Bell, whose 52 3-pointers meant he led the Razorbacks in three-pointers made in all of his four seasons, struggled in the final game of his Arkansas career.

"It's tough for the season to end like this," Bell said. "As a senior, you want to go as far as you can in March, but sometimes it doesn't happen like that." 

Bell and Hannahs were a deadly duo most of the season with 99 3-pointers combined as Arkansas shot a single-season record 39.6 percent as a team from 3-point range after being over 40 percent until the final contest.

"Dusty carried us the whole game,"  Bell said. "They didn't have an answer for him. He just did everything he could.

 

"Me, I should have stepped up more. I should have, but it doesn't work like that sometimes. But give Dusty credit. He came out and did what he had to do to help the team."
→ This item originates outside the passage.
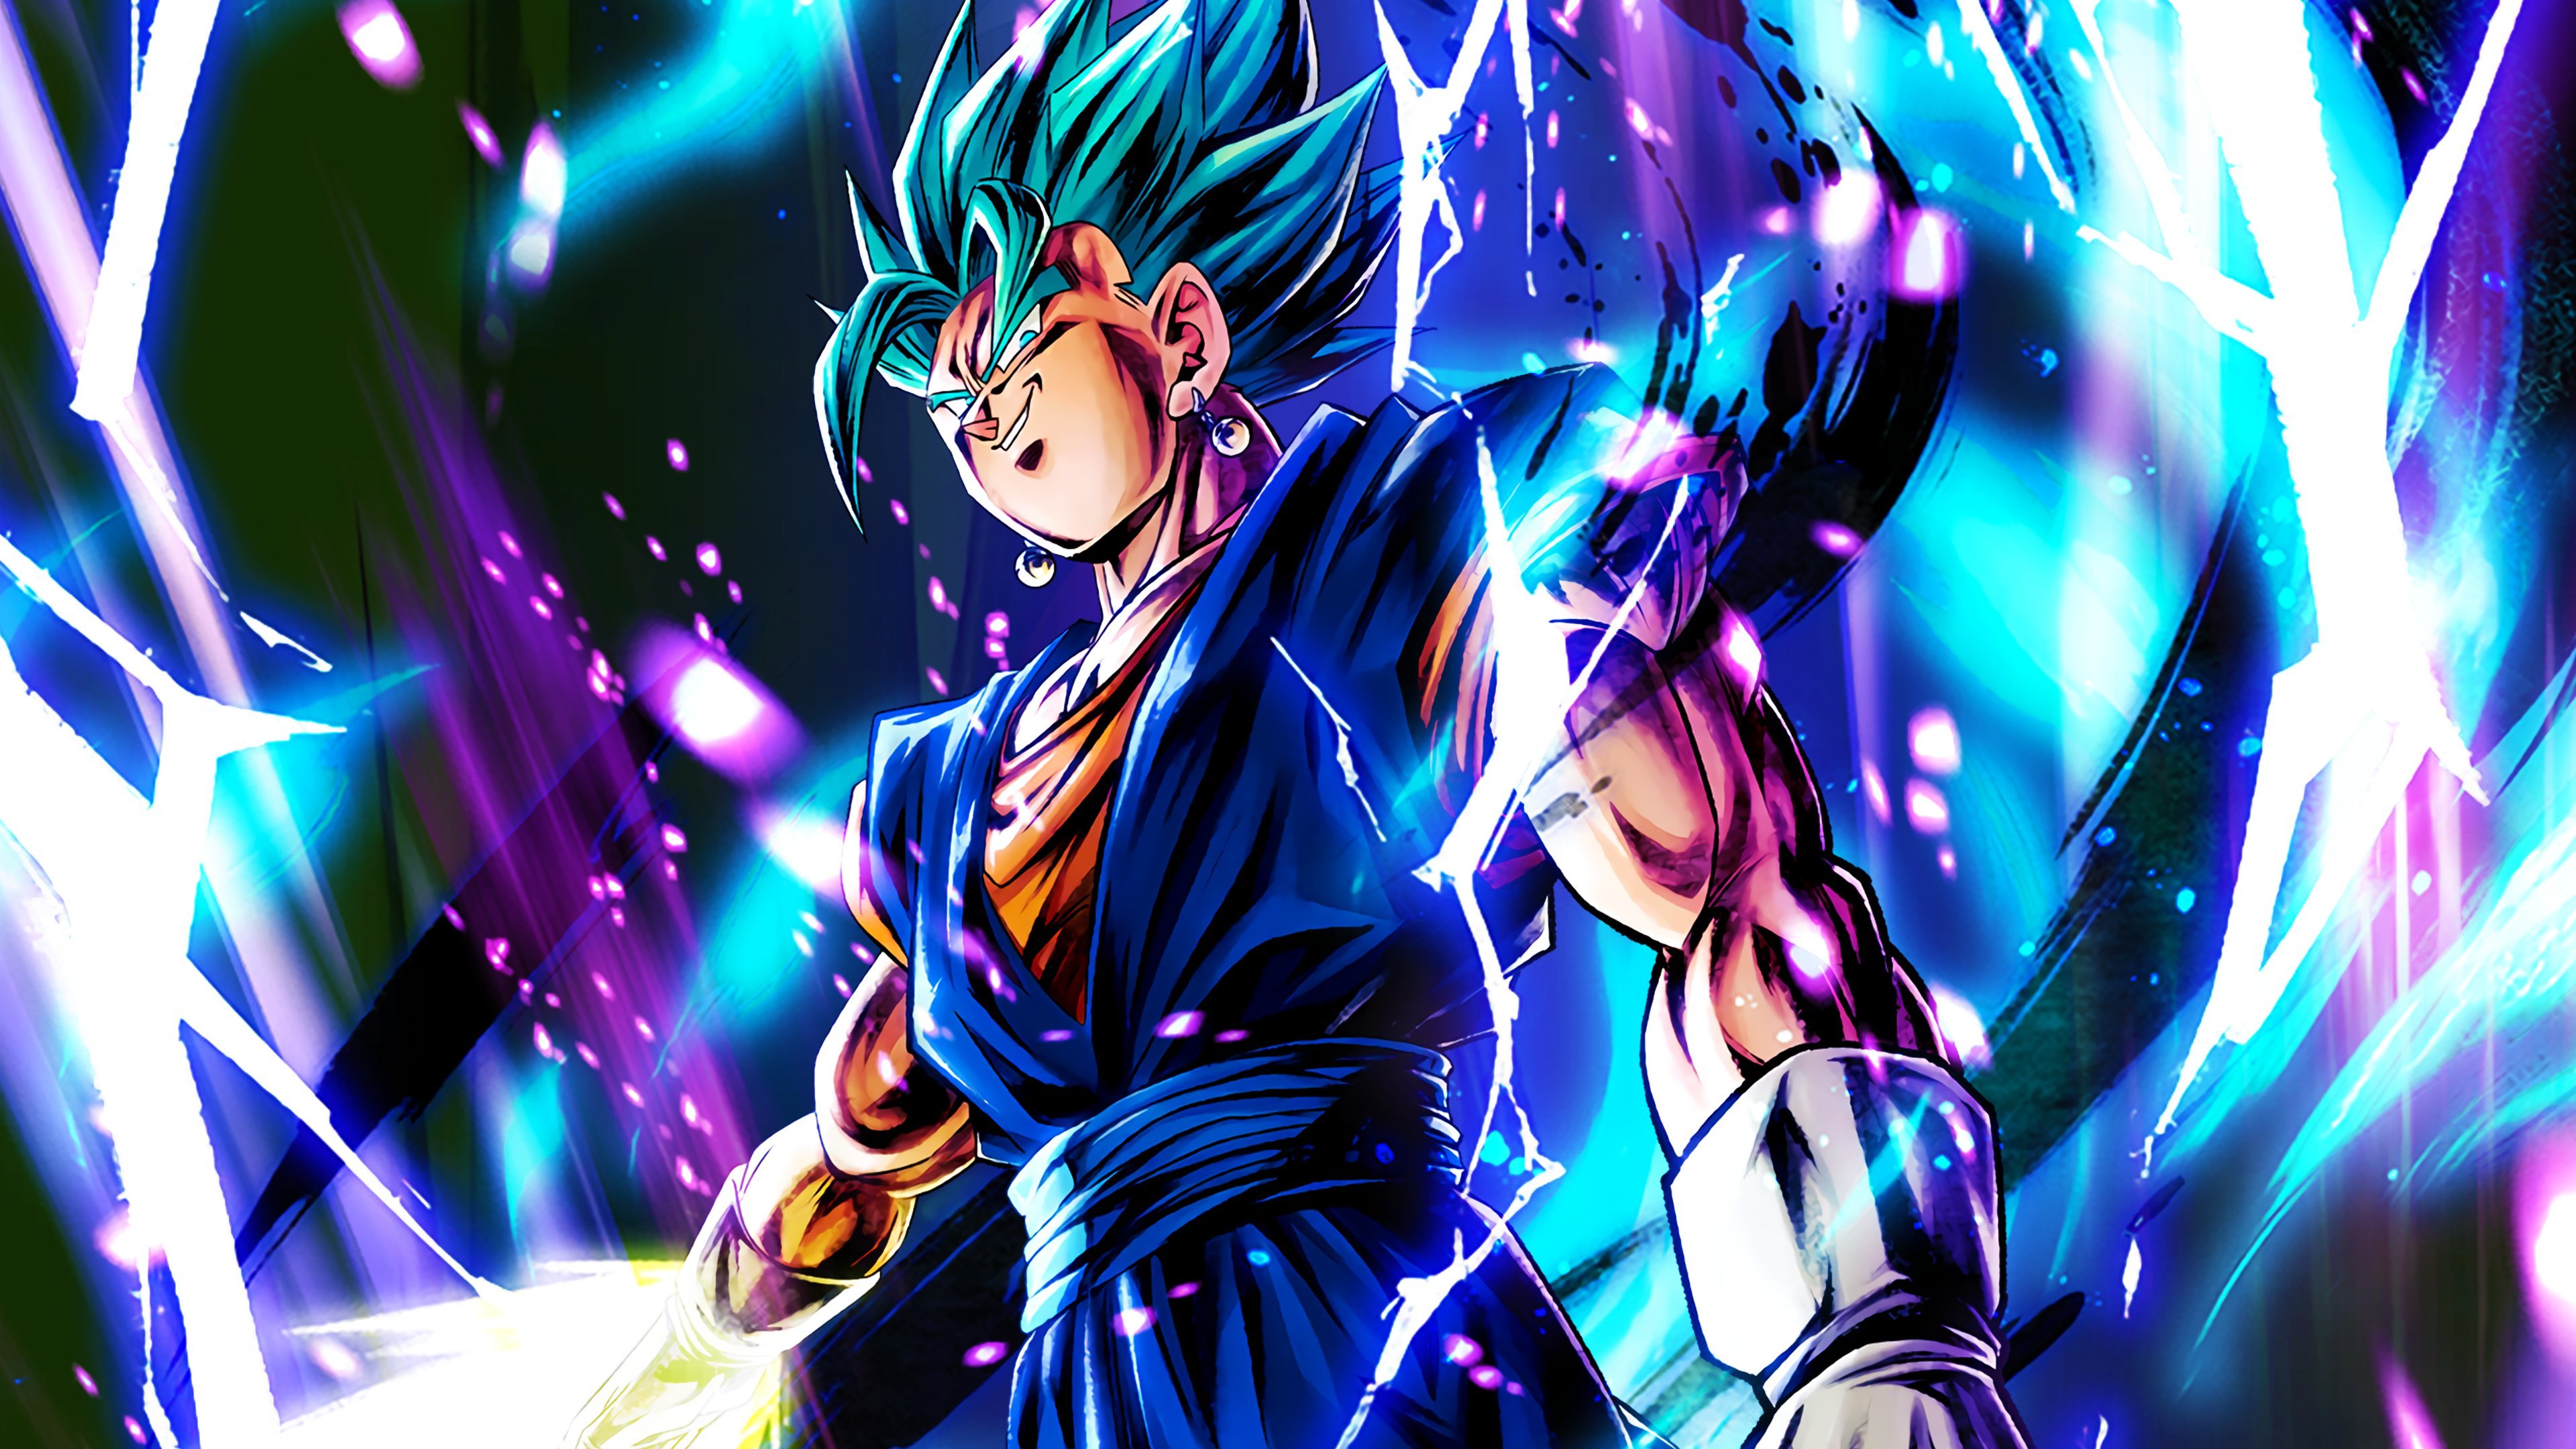 Super Saiyan Blue Vegito from Dragon Ball Super [Dragon Ball Legends Arts]  for Desktop 4K wallpaper download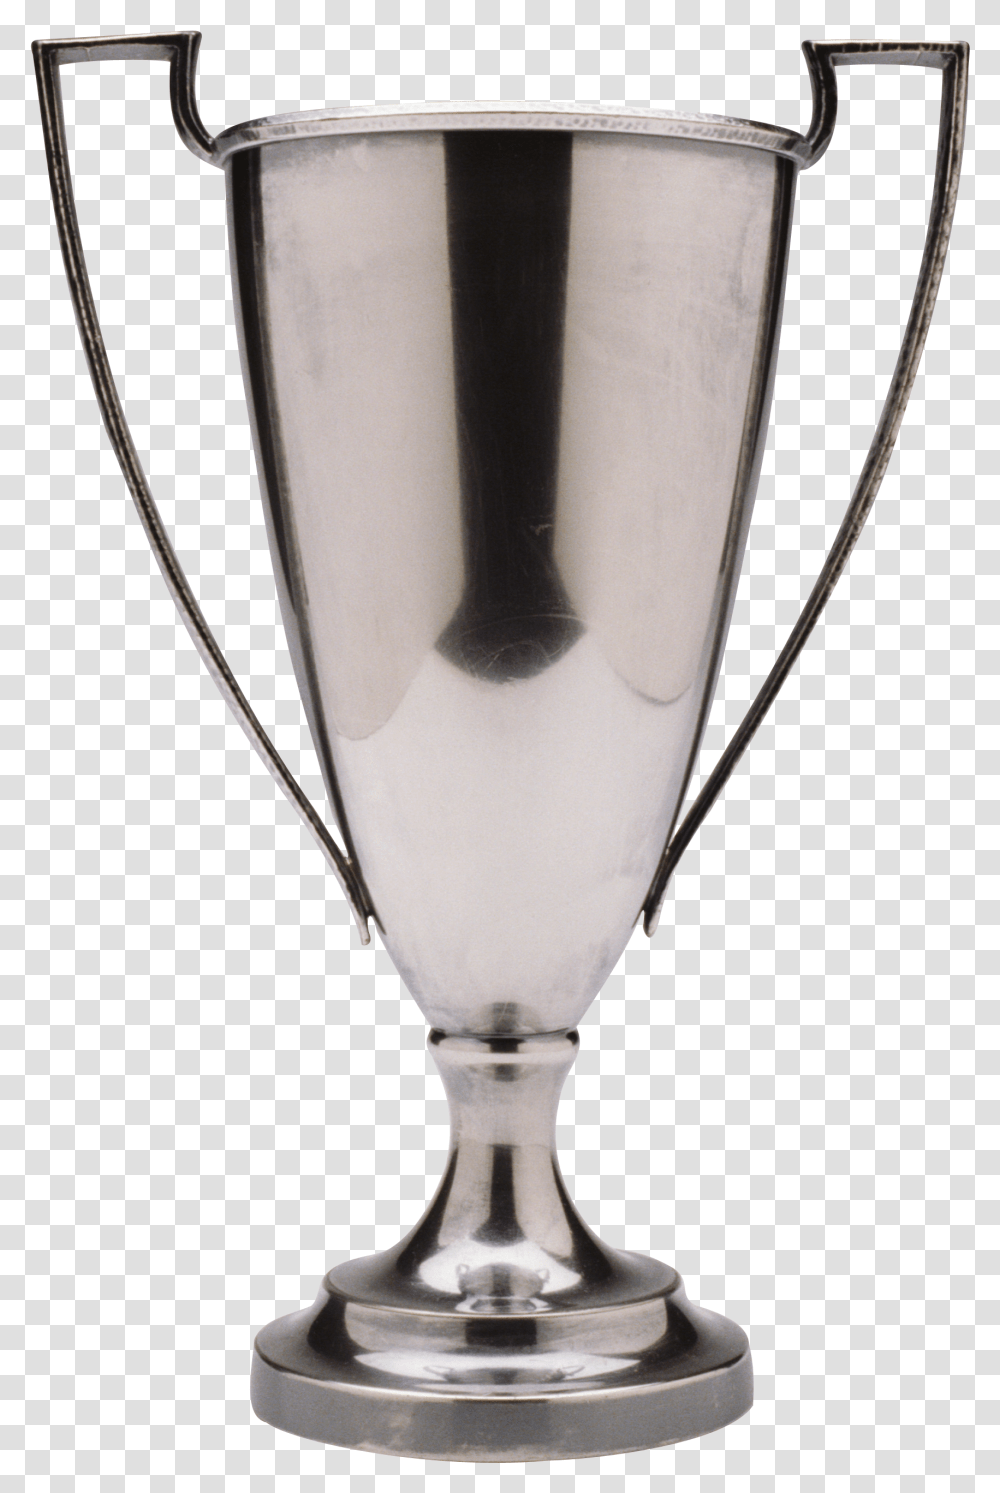 Download Trophy Foundation Cup Wikimedia Wikipedia Commons Silhueta Das De Futebol, Lamp Transparent Png

Still Bell – who played significant minutes last season in Arkansas’ 27-9 squad that got to the round of 32 in the NCAA Tournament – was pleased with his team’s effort his season. 

“This team got better each game,” Bell said. “We had some mishaps throughout the season, but didn't nobody give up. Everybody just stuck with it. Going to SEC play, we got some key wins we needed.

“We just grew. Didn't nobody expect us to do what we did. People probably expected us to be playing yesterday (in the opening round), but we're playing today. 

“So I wouldn’t pick a different group of guys and a different group of guys to play with.”

Senior guard Jabril Durham played limited minutes as a junior, but ended his second season with 204 assists, the fourth-most ever in a single season by Razorback. 

He was one of four seniors that combined to score just 13 points in the final game with 8 of those coming from Bell. 

Arkansas will have an influx of talent to replace those four seniors with at least six new players on the roster – all between 6-4 and 6-9 – and all extremely athletic.

They all should make immediate impacts according to Razorback assistant Melvin Watkins.

“Some of the new bodies that we are bringing in – and we don’t talk a lot about recruiting – but have got some players that are going to come in that are going to add value to what we already have coming back,” Watkins said.

“When a season ends, it almost starts the new season immediately where a guy has to get in the gym and where ever he had some deficiencies they have got to come back a better player next year.”

That includes players such as 6-4 freshman guard Jimmy Whitt (6.1), a top 60 player nationally who had an inconsistent rookie season. 

He joins juniors-to-be Anton Beard (7.0), Manny Watkins (5.1), Trey Thompson (3.1, 4.3) in returning along with Hannahs and Kingsley.

 "I think you are going to see more of what we want to look like next year," Anderson said. "This team will be hungry and will be older and more talented."